Here is a short explanation of the relevant parameters and their proposed settings.
“number of background threads”
(parameter in darktablerc: worker_threads)
This parameter defines the maximum number of threads that are allowed in parallel when importing film rolls or doing other background stuff. For obvious reasons on 32-bit systems you can only have one thread eating resources at a time. So you need set this parameter to 1; anything higher will kill you. For the same reason you also must set the number of parallel export threads to 1.
“host memory limit (in MB) for tiling”
(parameter in darktablerc: host_memory_limit)
This parameter tells DT how much memory (in MB) it should assume as available to store image buffers during module operations. If an image can not be processed within these limits in one chunk, tiling will take over and process the image in several parts, one after the other. Set this to the lowest possible value of 500 as a starting point. You might experiment later whether you can increase it a bit in order to reduce the overhead of tiling.
“minimum amount of memory (in MB) for a single buffer in tiling”
(parameter in darktablerc: singlebuffer_limit)
This is a second parameter that controls tiling. It sets a lower limit for the size of intermediate image buffers in megabytes. The parameter is needed to avoid excessive tiling in some cases (for some modules). Set this parameter to a low value of 8. You might tentatively increase it to 16 later.
“memory in bytes to use for mipmap cache”
(parameter in darktablerc: cache_memory)
This controls how many thumbnails (or mip maps) can be stored in memory at a time. As a starting point set this to something like 256MB (give the number in bytes). [Remark: in a previous version of this blog I recommended to start with 32MB. This was a bit too optimistic, as it would not be sufficient to store the thumbs even of a moderately sized film roll. A lot of thumb reprocessing would be the consequence.]
To avoid the problem of memory fragmentation during longer runs of darktable, the new caching scheme frontloads the memory costs and allocates this cache once at the beginning. Some Linux kernels use over-committing memory allocation, which means you don’t immediately pay for all of the memory in terms of RSS (resident set size, the non-swapped physical memory), but in any case you pay for the address space. As explained before, this poses a problem for 32-bit systems and will at first sight appear as a regression over the (terribly slow, but that’s another story) 0.9.3-style cache.
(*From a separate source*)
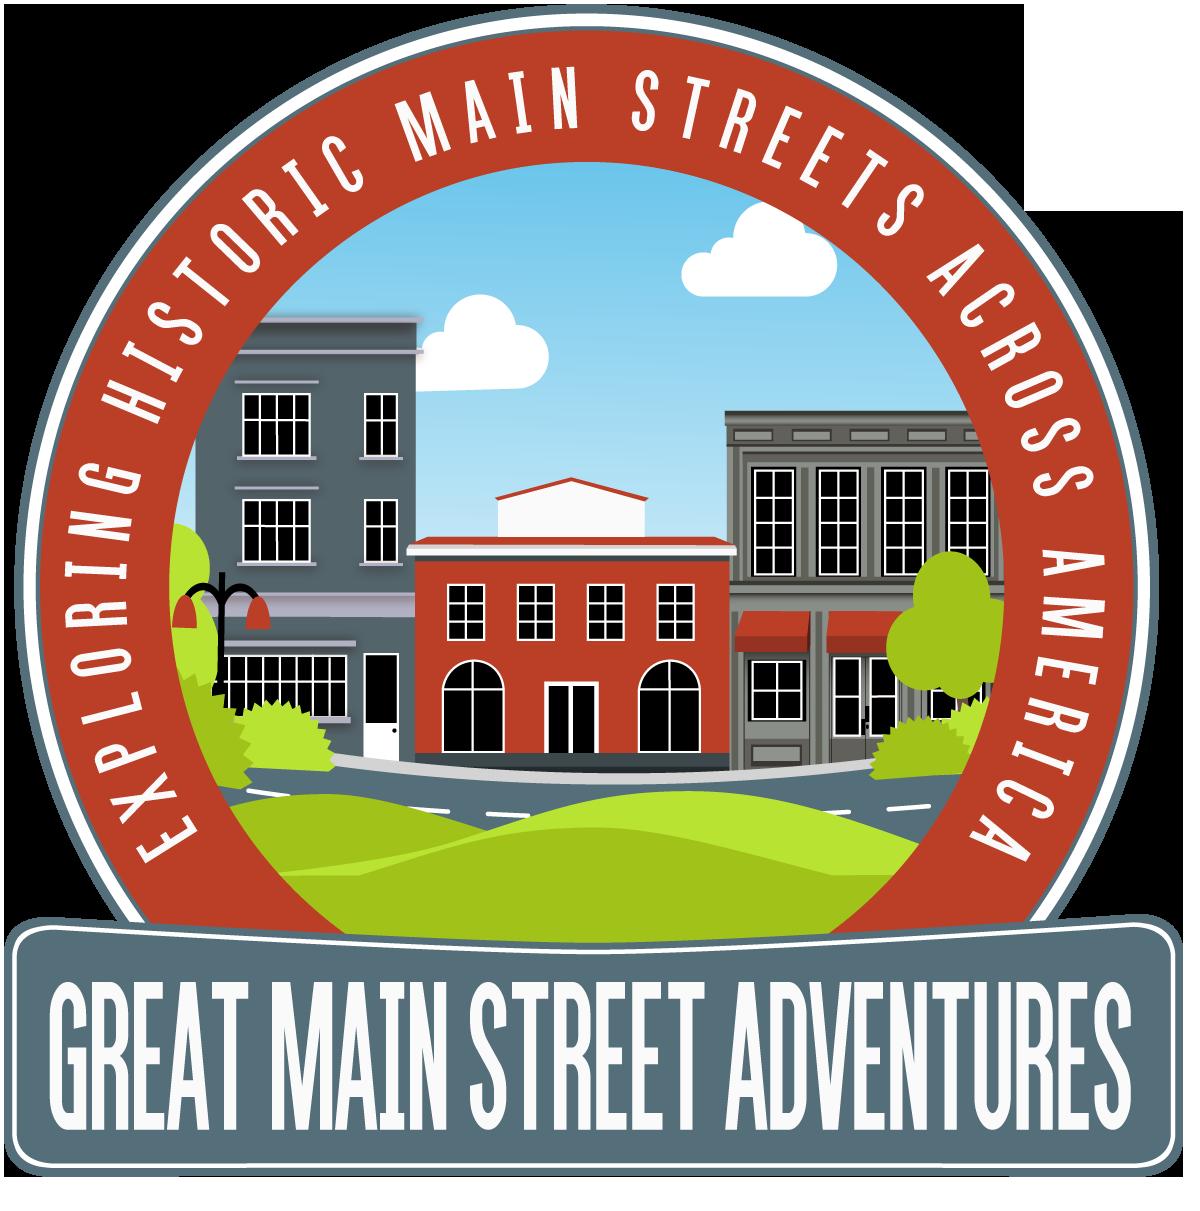 GreatMainStreetAdventure_editedFinal (2) hidden background.png

In the long run however, this is all memory that’s ever going to be allocated for thumbnails, so if we can successfully grab this portion once, we are relieving a lot of pressure on fragmentation for long sessions.
darktable on 64-bit systems
There’s not much to be said here. Of course also 64-bit systems require a sufficient amount of main memory. So the 4GB plus swap recommendation holds true. On the other hand, 64-bit architectures do not suffer from the specific 32-bit limitations like small address space and fragmentation madness.
Any modern Intel or AMD 64-bit CPU will have an available address space in the range of several Terabytes. The word “modern” is relative in this context: all AMD and Intel CPUs introduced since 2003 and 2004, respectively, offer a 64-bit mode. Linux 64-bit has been available since many years.
All relevant Linux distributions give you the free choice to install a 32-bit or a 64-bit version with no added costs. You can even run old 32-bit binaries on a 64-bit Linux. The only thing you need to do: invest some time into the migration. In the end we strongly recommend to move to a 64-bit version of Linux. There isn’t much good reason, not to make this step.